TRANSCEND (TRANSlational Informatics System to Coordinate Emerging Biomarkers, Novel Agents, and Clinical Data). The TRANSCEND project extends the work of I-SPY 1 to further enhance the clinical trial data collection infrastructure. TRANSCEND uses Web-based case report forms (CRFs) to simplify data collection at two I-SPY trial sites and to demonstrate integration of an electronic health record system with the bioinformatics infrastructure in place for the I-SPY 1 trial. In addition to the caBIG® tools used in I-SPY 1, caTissue and NCIA are part of the informatics infrastructure being developed for TRANSCEND.
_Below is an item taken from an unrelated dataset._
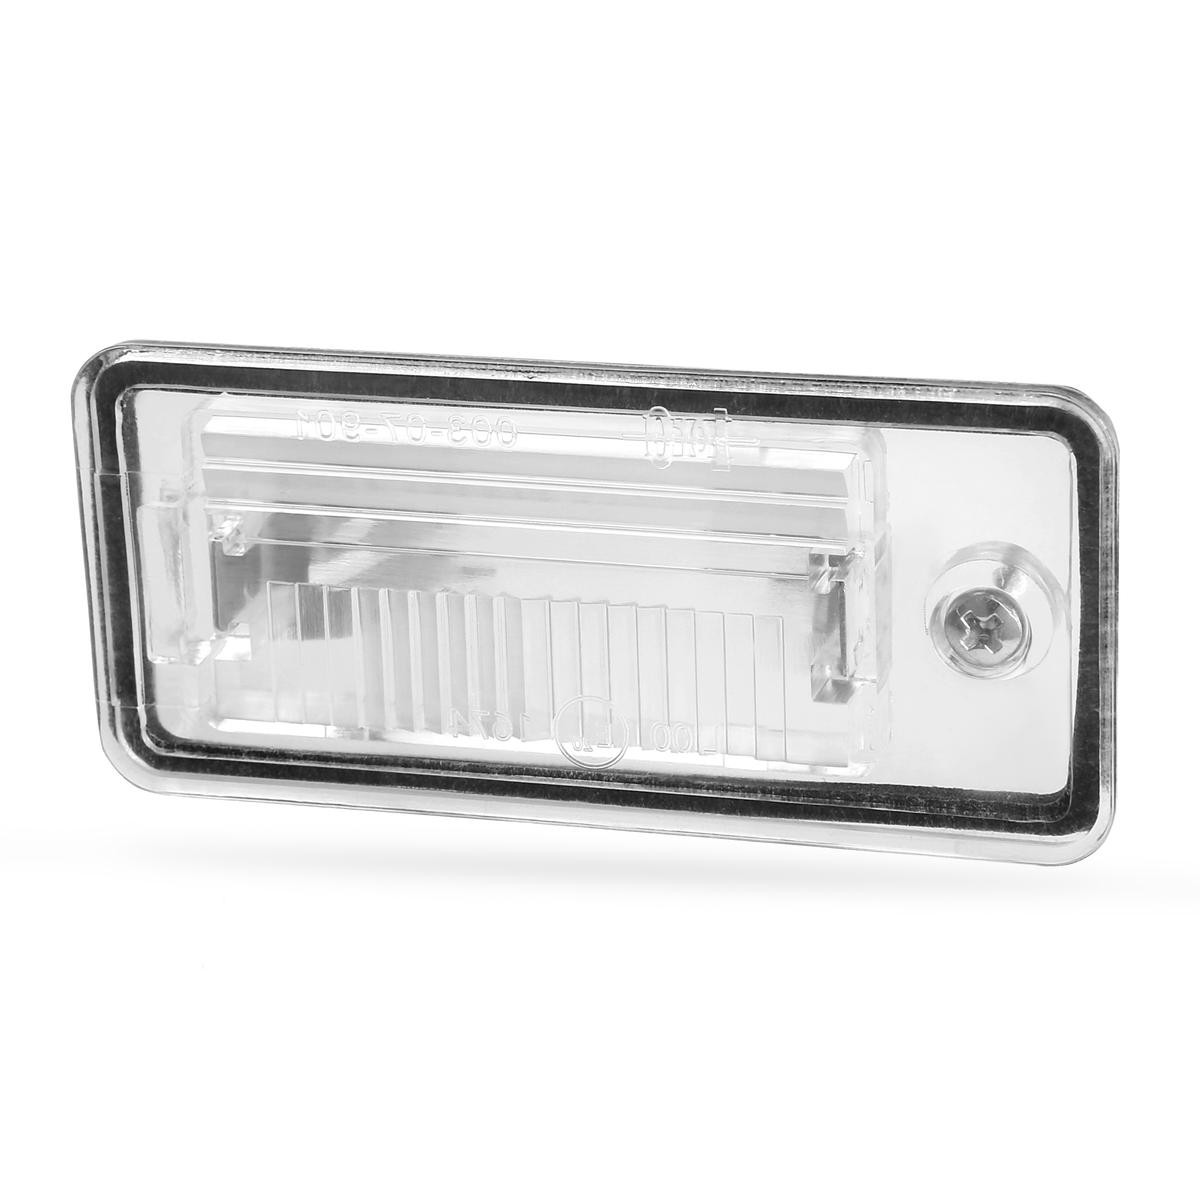 Great value for money - ABAKUS Licence Plate Light 003-07-904

Empowering Population Science
PopSciGrid (POPulation SCIence Grid). The PopSciGrid was developed at Northwestern University, in collaboration with the NCI Population Sciences program, to demonstrate the ability of caBIG® grid technology to host data types completely different from traditional cancer research information. Using population science data on smoking prevalence, cigarette tax data, and geographical information at different institutions—connected with caGrid technology— researchers performed federated queries to understand the impact of higher taxes on smoking. Based on this proof-of-concept, the Population Science grid is being leveraged for a similar project to gain public health knowledge from obesity data.
4 Charles G. Mullighan et. al. 2009. Deletion of IKZF1 and Prognosis in Acute Lymphoblastic Leukemia. N Engl J Med, Jan 29;360(5):470-80.
5 The Cancer Genome Atlas Research Network. 2008. Comprehensive genomic characterization defines human glioblastoma genes and core pathways. Nature, October 23;455:1061-1068.